Generally speaking, operators and CRDs are more in the domain of your platform rather than your products. They should provide common interfaces to implement the business requirements around things like uptime, HA, healthchecking, observability, etc.
If a product team sees itself needing to deploy an operator, it's likely the platform is subpar and should be improved, or the product team is overengineering something and could do with rethinking their approach.
As in most cases, a conversation with your platform/ops/devops/sre/infra team should help clarify things.
If you run a multi-tenant Kubernetes cluster at scale, operators with poor discipline spamming the API servers and taking etcd down is a leading cause of sadness.

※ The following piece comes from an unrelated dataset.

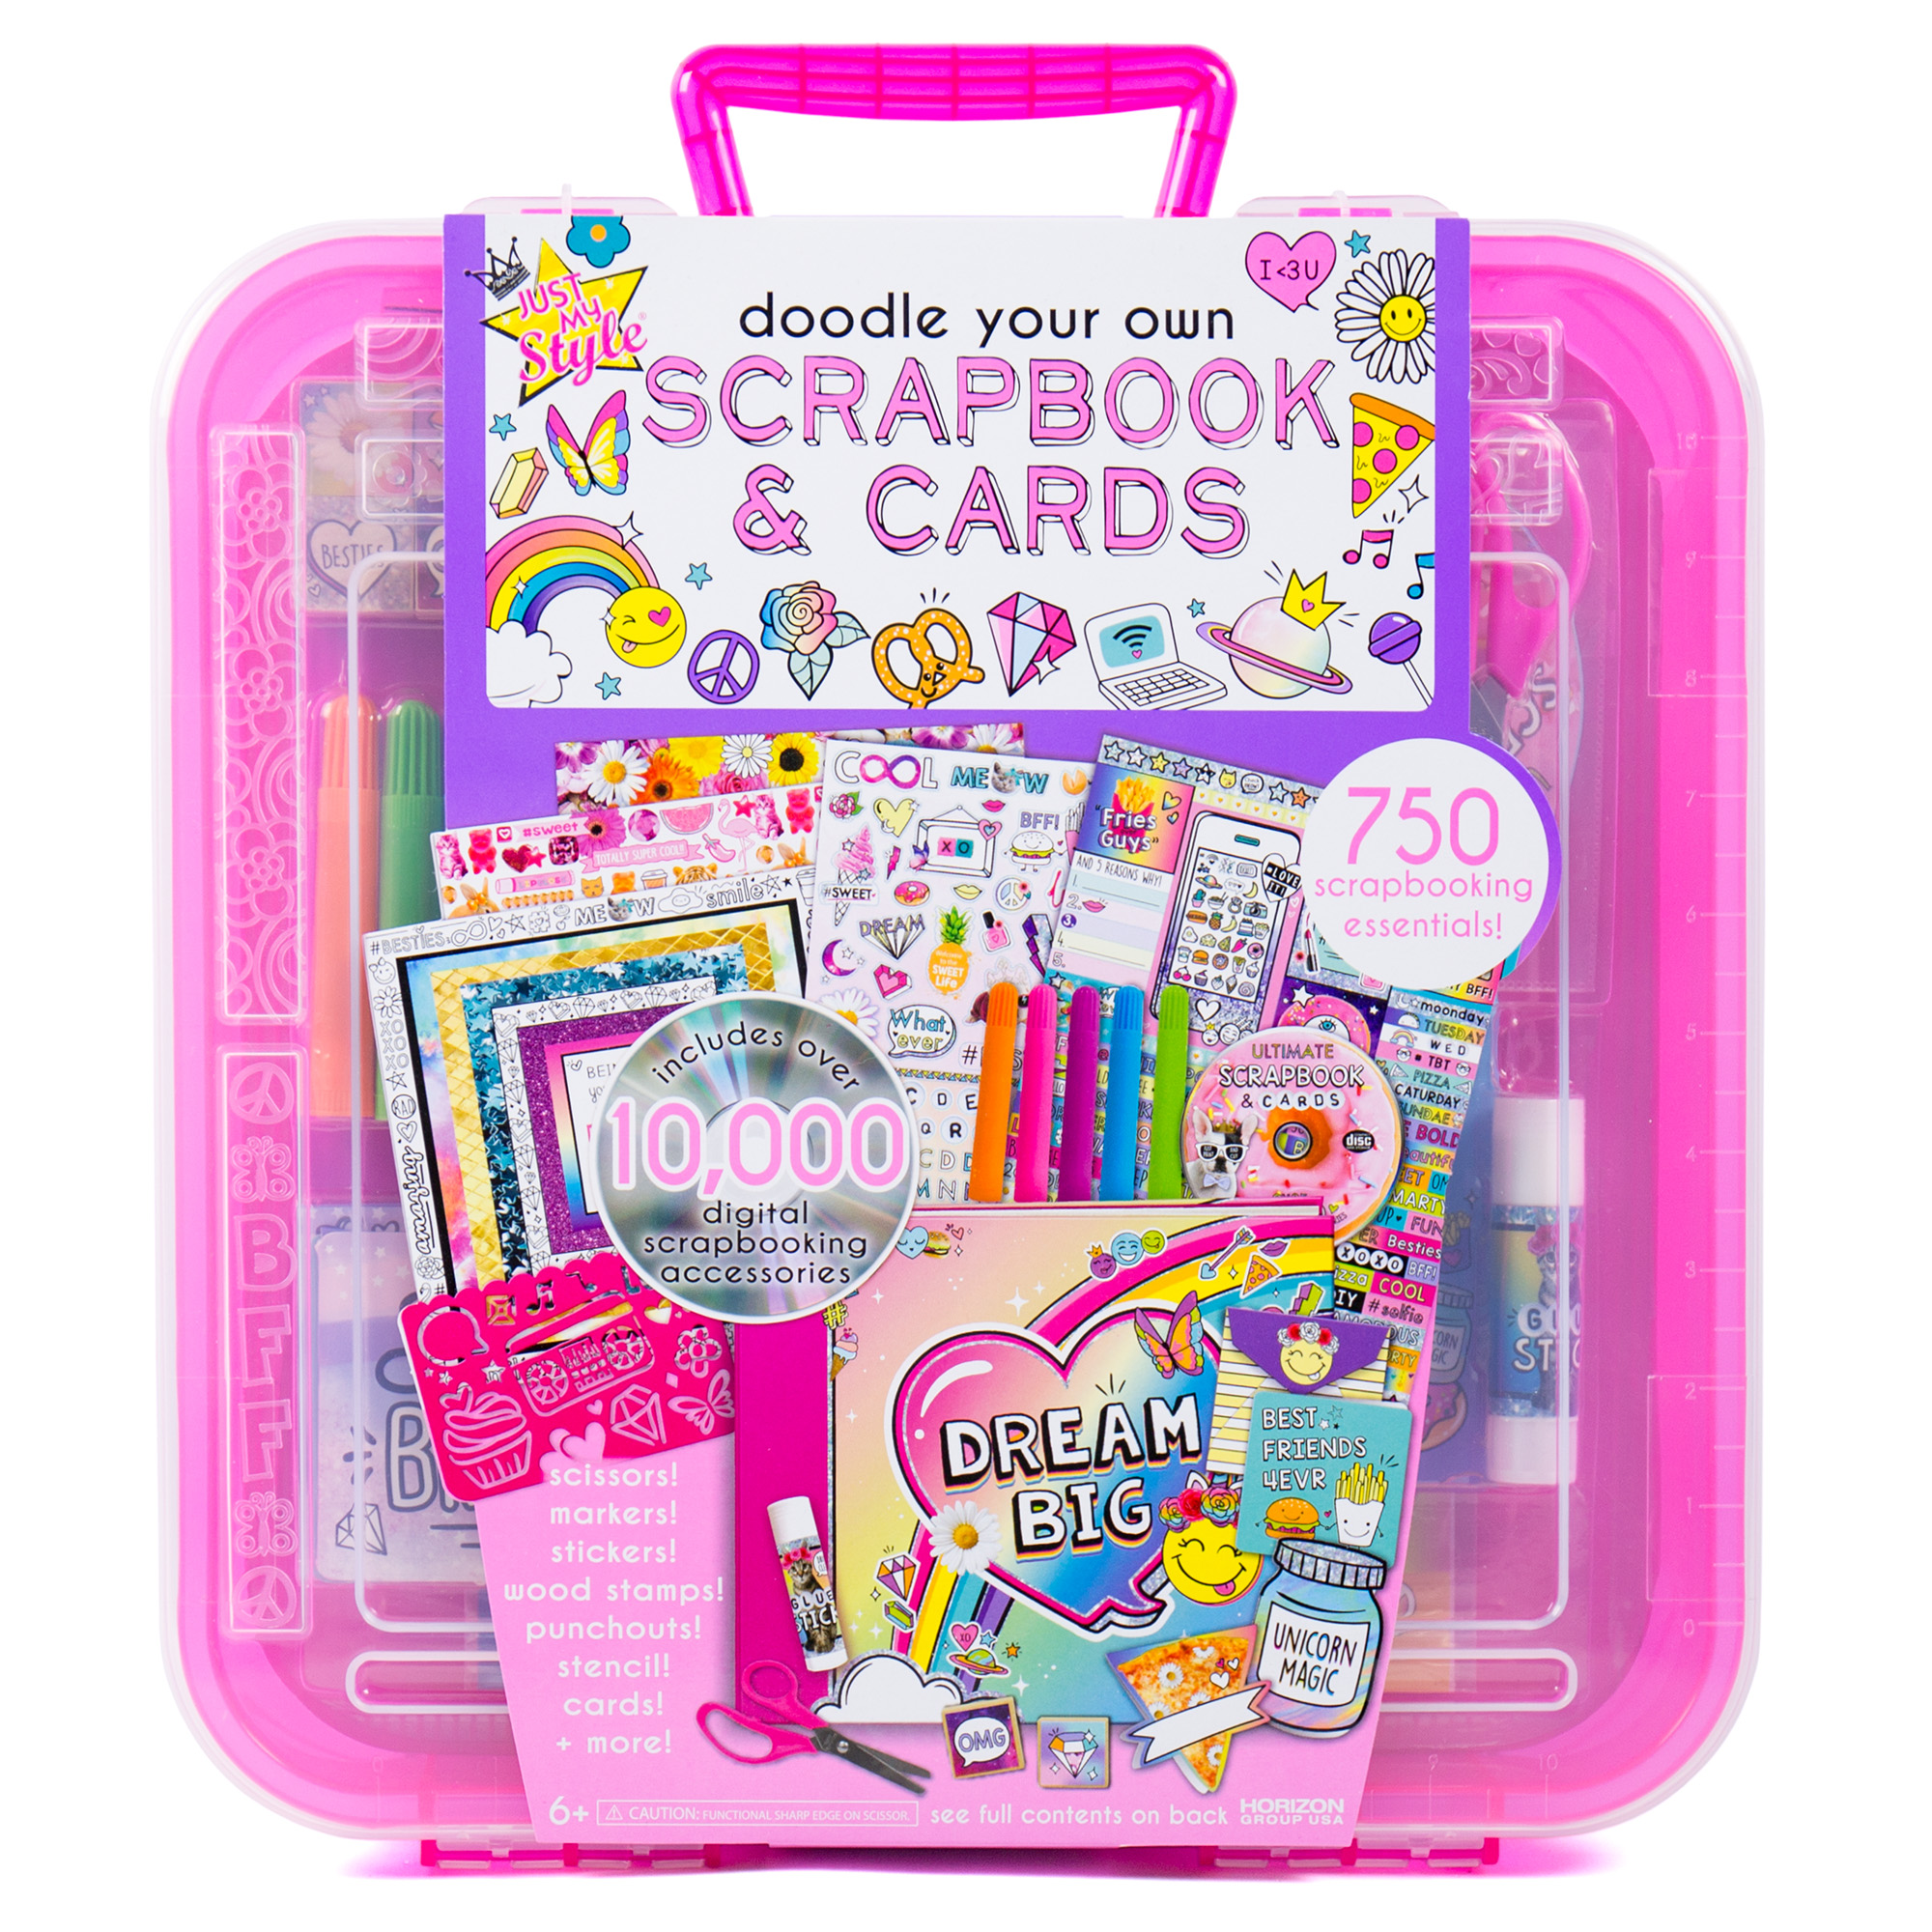 Just My Style Doodle Your Own Scrapbook & Cards, Arts & Crafts Kit, 6+ - image 1 of 6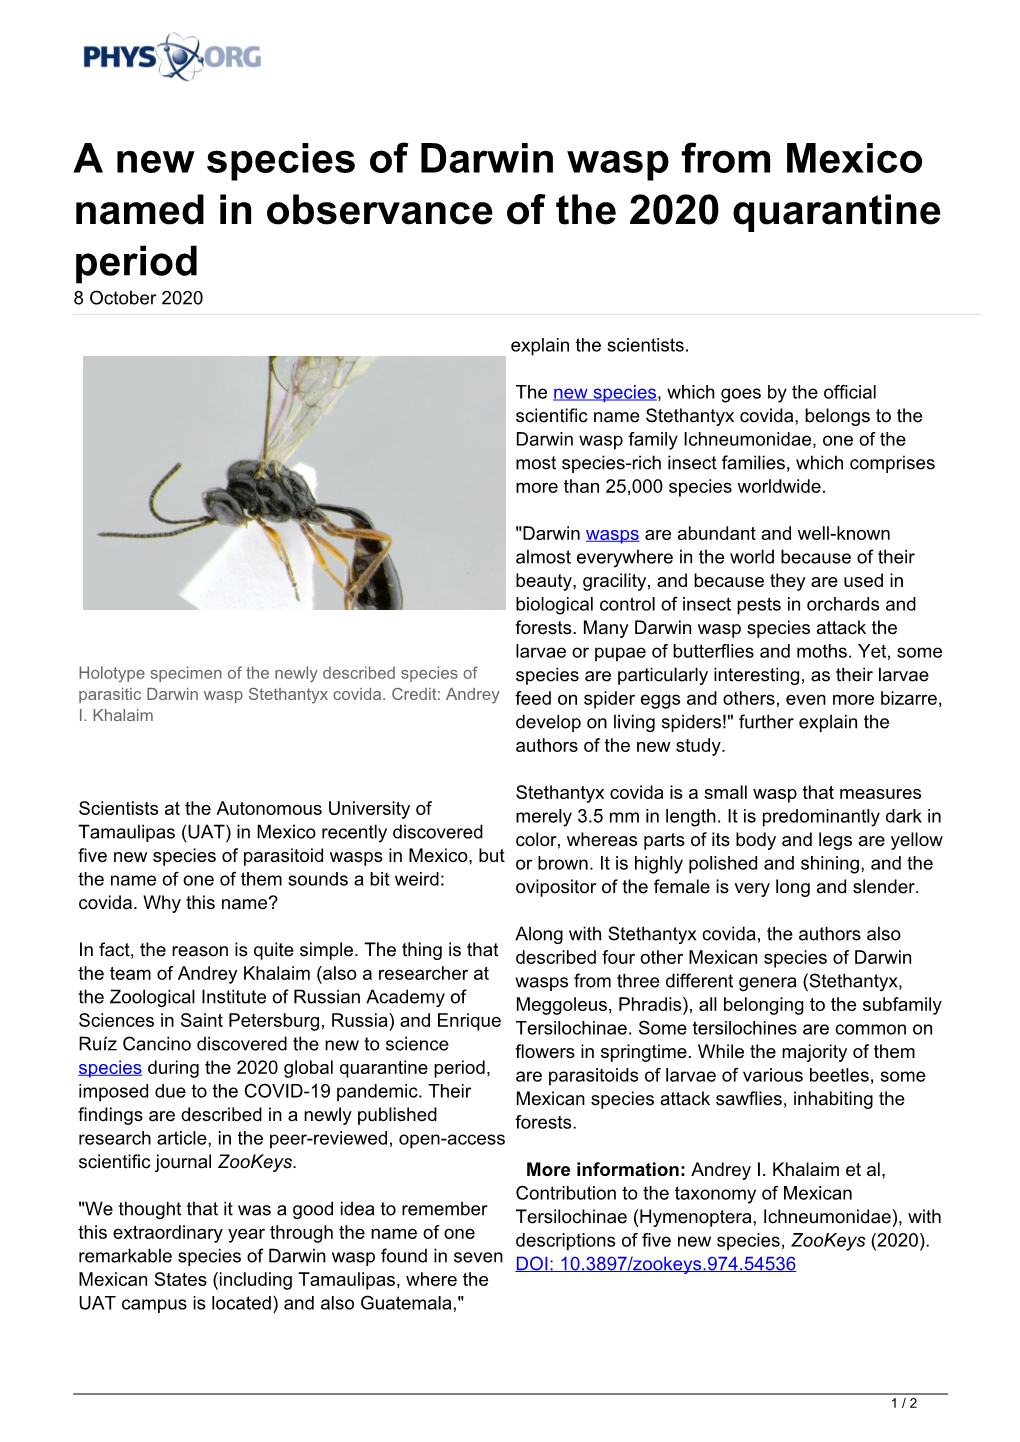 A New Species of Darwin Wasp from Mexico Named in Observance of the 2020 Quarantine Period 8 October 2020

This is the common view among our ops team, sure, but for a vocation so prima facie obsessed with postmortems/five-whys/root-causes/etc it's depressingly shallow.
> Probably even better is to ship a controller and a CRD for the config.
But how do you package the controller + CRD? The two leading choices are `kubectl apply -f` on a url or Helm and as soon as you need any customization to the controller itself you end up needing a tool like helm.
Agree. I'd recommend to start with static YAML though. Use kustomize for the very few customisations required for, say, different environments. Keep them to a minimum - there's no reason for a controller's deployment to vary too much - they're usually deployed once per cluster.
The need to use something like Helm to distribute a complex application is a good indication you've built something which is a mess, and probably should be rethought from first principles.
Most of the problems associated with Helm go away if you stop using Kubernetes.
By that thinking "The need to use something like APT/YUM/DEB/RPM to distribute a complex application is a good indication you've built something which is a mess, and probably should be rethought from first principles."
So Linux is a mess? And we should rethink how rpm and deb work?
Or all Deb issues go away if you stop using Linux?
People forget that Helm is a package manager first and foremost (the only one for Kubernetes). It also happens to include a templating mechanism. The templating part has its issues, but until we find another package manager, I don't see Helm going anywhere.
> So Linux is a mess? And we should rethink how rpm and deb work?
Linux is indeed a mess, yes. RPM and Deb are both awful formats stuck in the 90s, with even worse package managers on the top. Even with the legacy of those, installing a package does not involve templating a whitespace-sensitive language with a mediocre template language.
> Or all Deb issues go away if you stop using Linux?
Never had any issues with debs on FreeBSD. Or NixOS if one likes the Linux kernel.
The idea that helm is even a package manager is fanciful at best, in any case.
> The idea that helm is even a package manager is fanciful at best, in any case.
The front page of helm.sh literally says "The package manager for Kubernetes". If it was advertised as "the best templating engine for K8s" or something similar I would agree with you.
People try to abuse Helm.sh as a fancy templating engine. And the testament to that is all the articles "Helm vs Kustomize vs JSonnet vs ..."
Lots of things describe themselves in fanciful terms. Helm has none of the trappings of a package manager, yet all of the trappings of a mediocre template renderer.
Vendors shipping things for customers to run in their clouds and prems have a very limited set of common denominators. When you add in requirements like workload scaling, availability, and durability, that set is very small.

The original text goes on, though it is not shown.